I spent last week deep in the Ecuadorian Amazon basin. Getting there took most of the morning; a 4.5hr drive to Shell, then a 50 minute prop plane flight towards the Peruvian border, landing on a dirt airstrip where we transferred down the bank (literally) to a motorised canoe for a 40 minute ride down the Pastaza and Capahuari rivers to the lodge. The eco-lodge I stayed at, Kapawi (Kap pah wee) is located in one of the most pristine and isolated points in the Amazon Basin. No logging or oil drilling has been done here and the closest town is ten days walk away.
We waited in Shell for the rain to stop and visibility to be returned before we could board the prop plane and head out. Although it was teeming down in the towns of Puyo and Shell on the edge of the rainforest, it wasn’t raining further into the rainforest, which turned out to be very lucky given the airstrip was dirt.
Each program (4 night, 3 night) has it’s own guides, an Achuar guide and a naturalist so you get to know them pretty well by the time your week is up. The guides are fantastic in finding and pointing out birds and other wildlife – although they need the patience of a saint: “Where? What tree? I can’t see it” And once the bird or animal had been discovered by us, Omar, our naturalist described it’s behaviour and characteristics which helped us understand relationships in the rainforest.
We had the opportunity to go on several hikes in the rainforest. What surprised me was that the rainforest is not uniform. We hiked several different trails and each one was home to different types of insects and animals based on the plants and trees growing there. It is also pretty humid, and even though the hikes were not particularly exhausting, by the end of it your clothes are stuck to your skin and you look like you have swum through a puddle, hair stuck to your red-faced head.
Each morning we got taken bird watching by canoe – I would have a lot of bird photos to show you, but by the time I found them with binoculars, trying to find that spec again with my camera was beyond me. Still, we saw toucans, parrots, parakeets, stinky turkeys (Hoatzin), Speckled Chachalaca, macaws, storks, pigeons, and many many others of the estimated 540 species that live in the Ecuadorian Amazon basin.

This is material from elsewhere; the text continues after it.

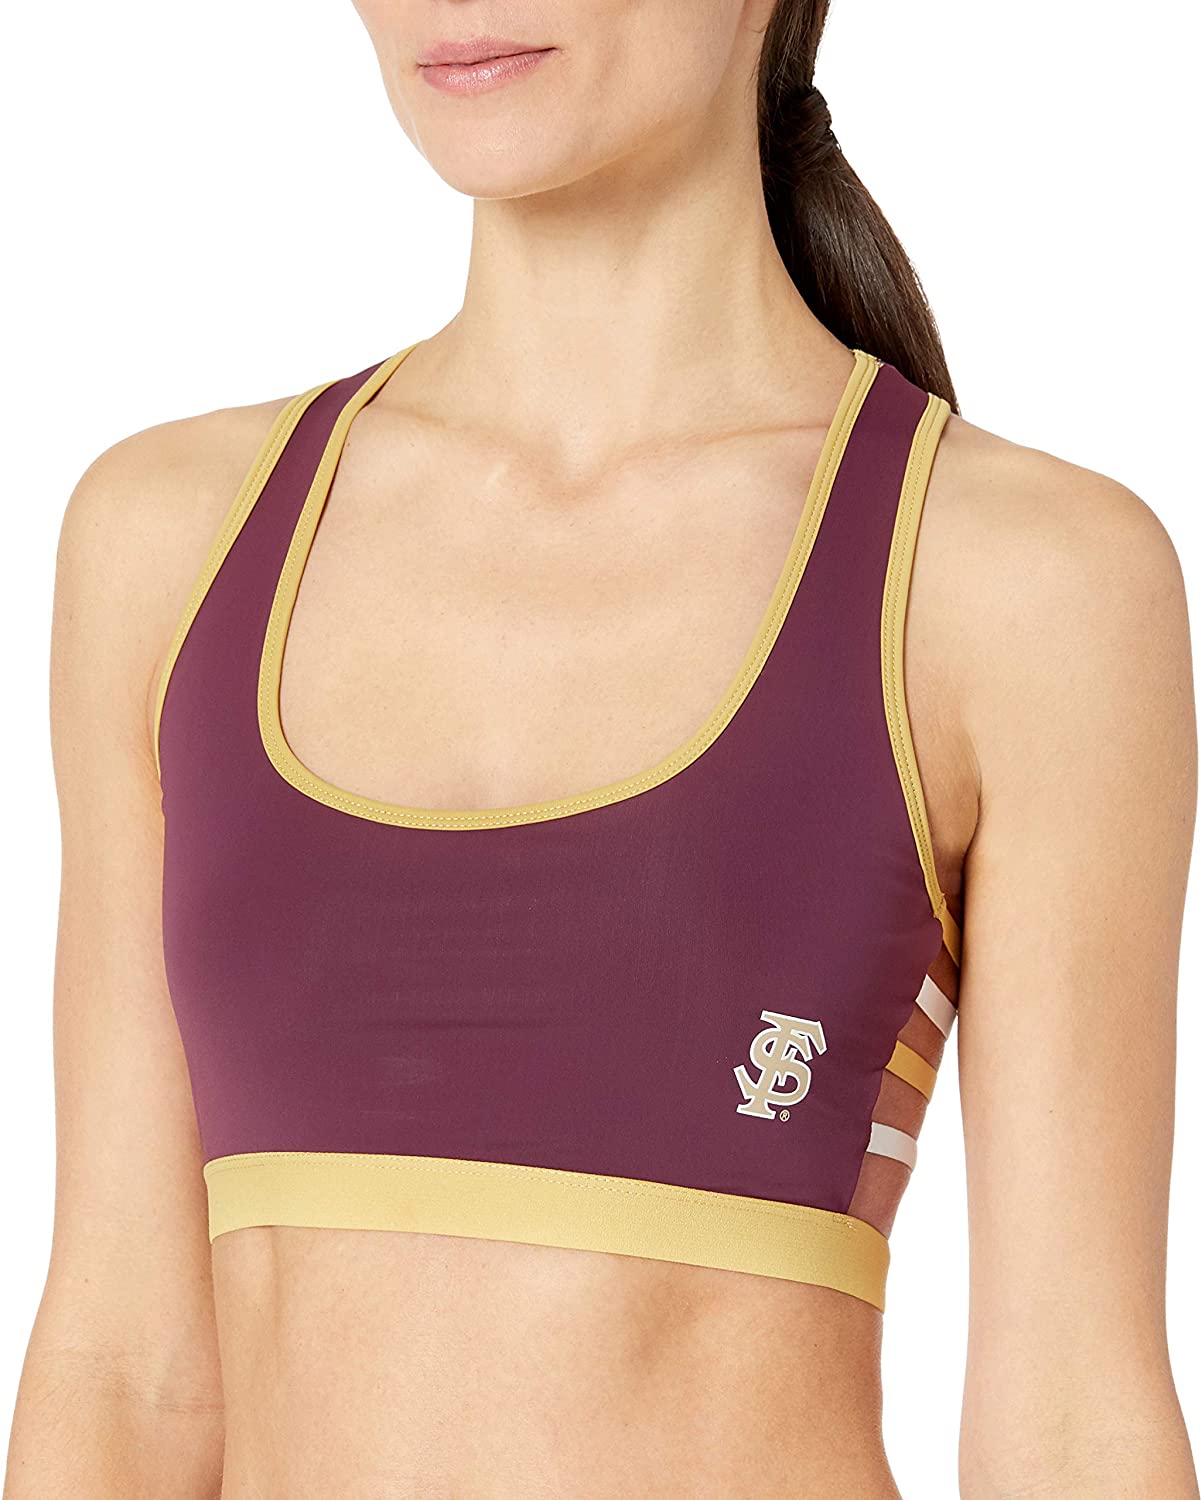 Price:$10.00 nuyu Women's Florida State University - Strappy Sports Top at Amazon Women’s Clothing store

We also saw pink dolphins in the river. Pink dolphins at Kapawi have survived for centuries due to the local belief that they possess magical powers, however they are in danger of extinction in other areas. There are piranha in the river as well, however only the guides managed to catch anything. We had piranha for dinner, apart from its scary looking teeth and a lot of bones, it was a tasty fish. You would need to eat a couple to be full though.
I loved Kapawi – the amazing meals, the enthusiastic and friendly guides who loved their jobs, the various activities (hikes, bird watching, caiman spotting, kayaking, fishing, night hikes, Achuar community visit) and amazingly comfortable accommodation. It was hard to leave after a week and I think a little piece of me is still there.